MM: How will the impeachment of Brazil's President Fernando Collor de Mello affect Brazil's basic economic development strategy?

 Arruda: After Collor stepped down, his successor, President Itamar Franco announced a new secretariat. The two men now responsible for economic decisions are Paulo Haddad, a professor and consultant, and Gustavo Krause, an economist who was mayor of a medium-sized city of the Northeast. Both tend to be conservative, the latter being a member of the parties that kept the reins of power during military rule. So far, in terms of economic development, they have defined only what the Itamar adminstration will not do or change.

They do not seem to recognize that the 10 years of recession with inflation, which ruined our economy and caused severe suffering for the people, prove that the IMF's and the technocrats' concepts that have dominated economic planning for decades have failed with respect to the aims they proclaim. They do not intend to redefine "modernization" to give it a comprehensive meaning that includes social and human, scientific, technological, political and cultural development, rather than simply extensive and non-selective privitization.

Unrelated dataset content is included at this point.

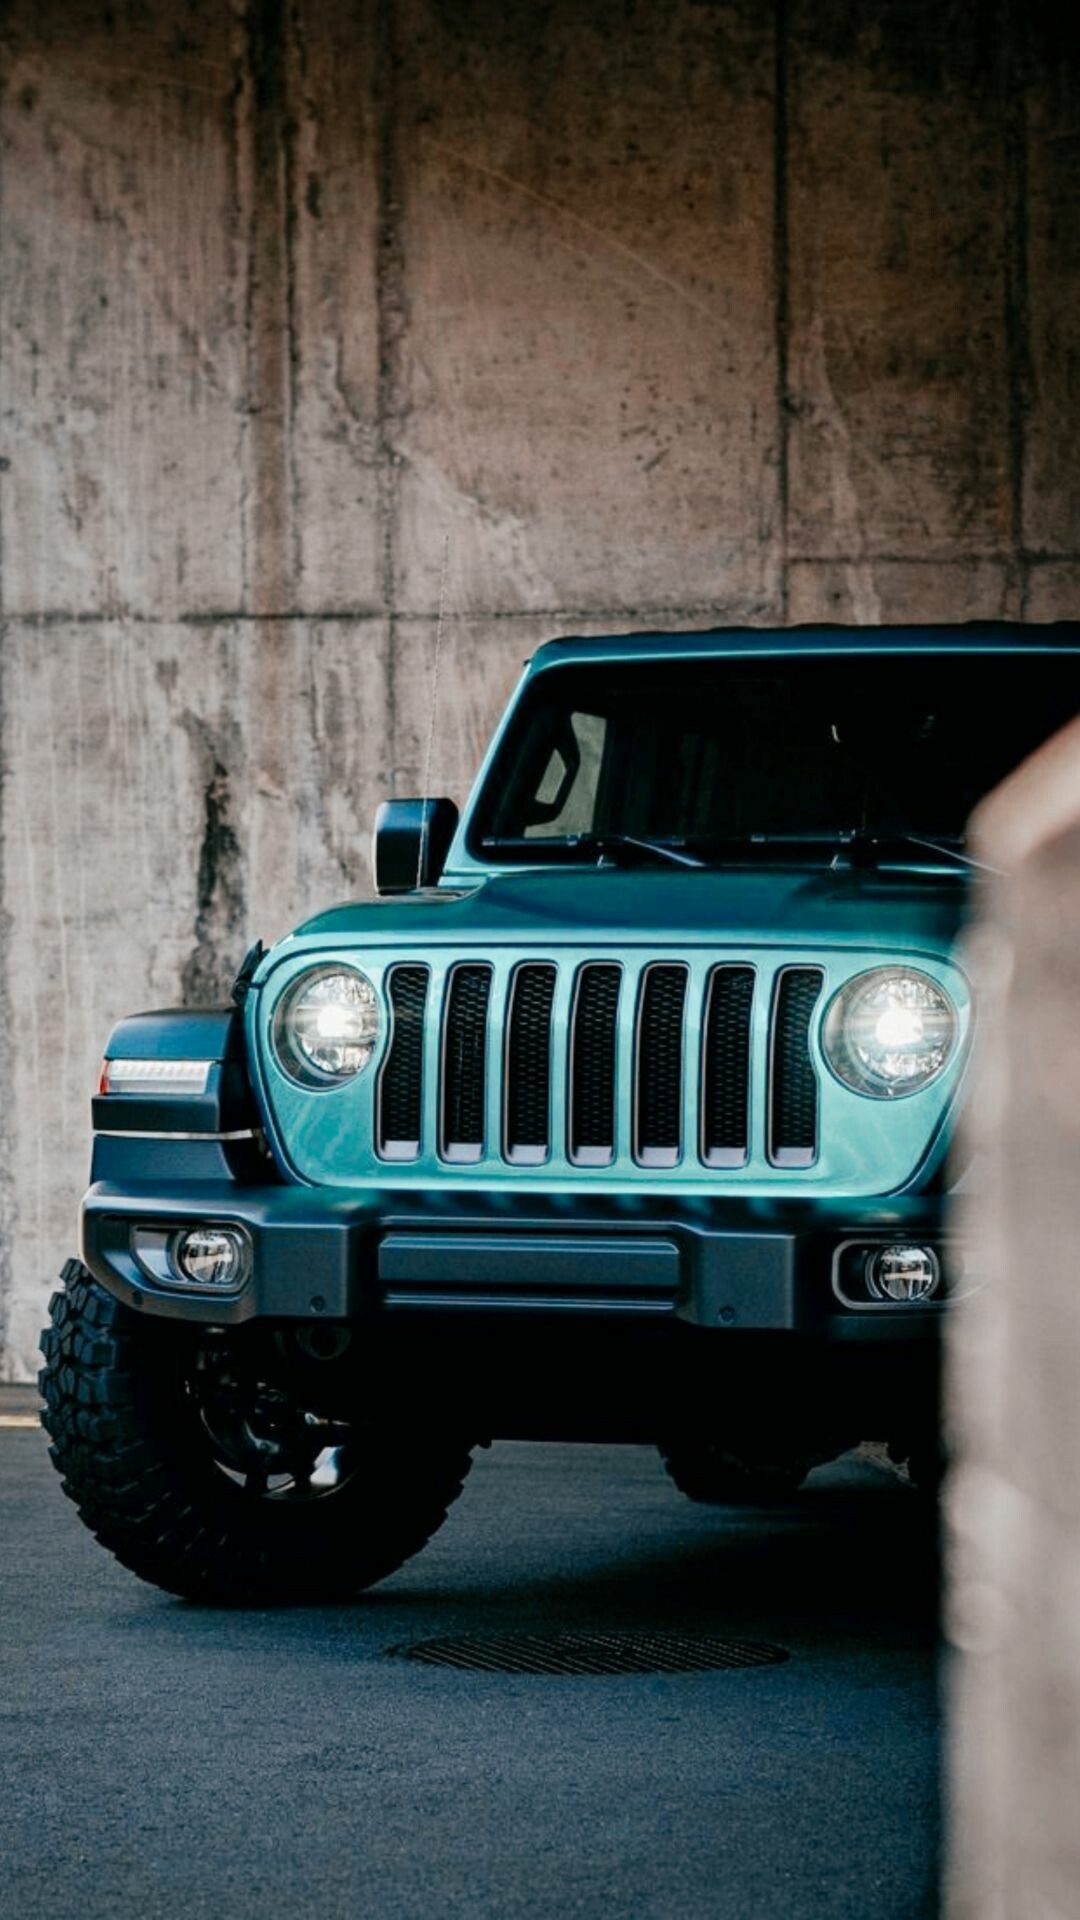 Jeep: Jeep's lineup consists exclusively of rugged off-roading SUVs and crossovers, including the iconic Wrangler. 1080x1920 Full HD Background.

They also seem to have decided that the politics of indebtedness - and Brazil's relationship with international creditors - will continue as under Collor. If these hypotheses are borne out, I foresee a new inflationary surge, deeper recession and growing masses of unemployed people. Without a deep change in the rhythm of debt repayment, and in our relations with creditors and transnational capital, we will never overcome the crisis, nor escape the position of being subordinate to priorites that are not our own.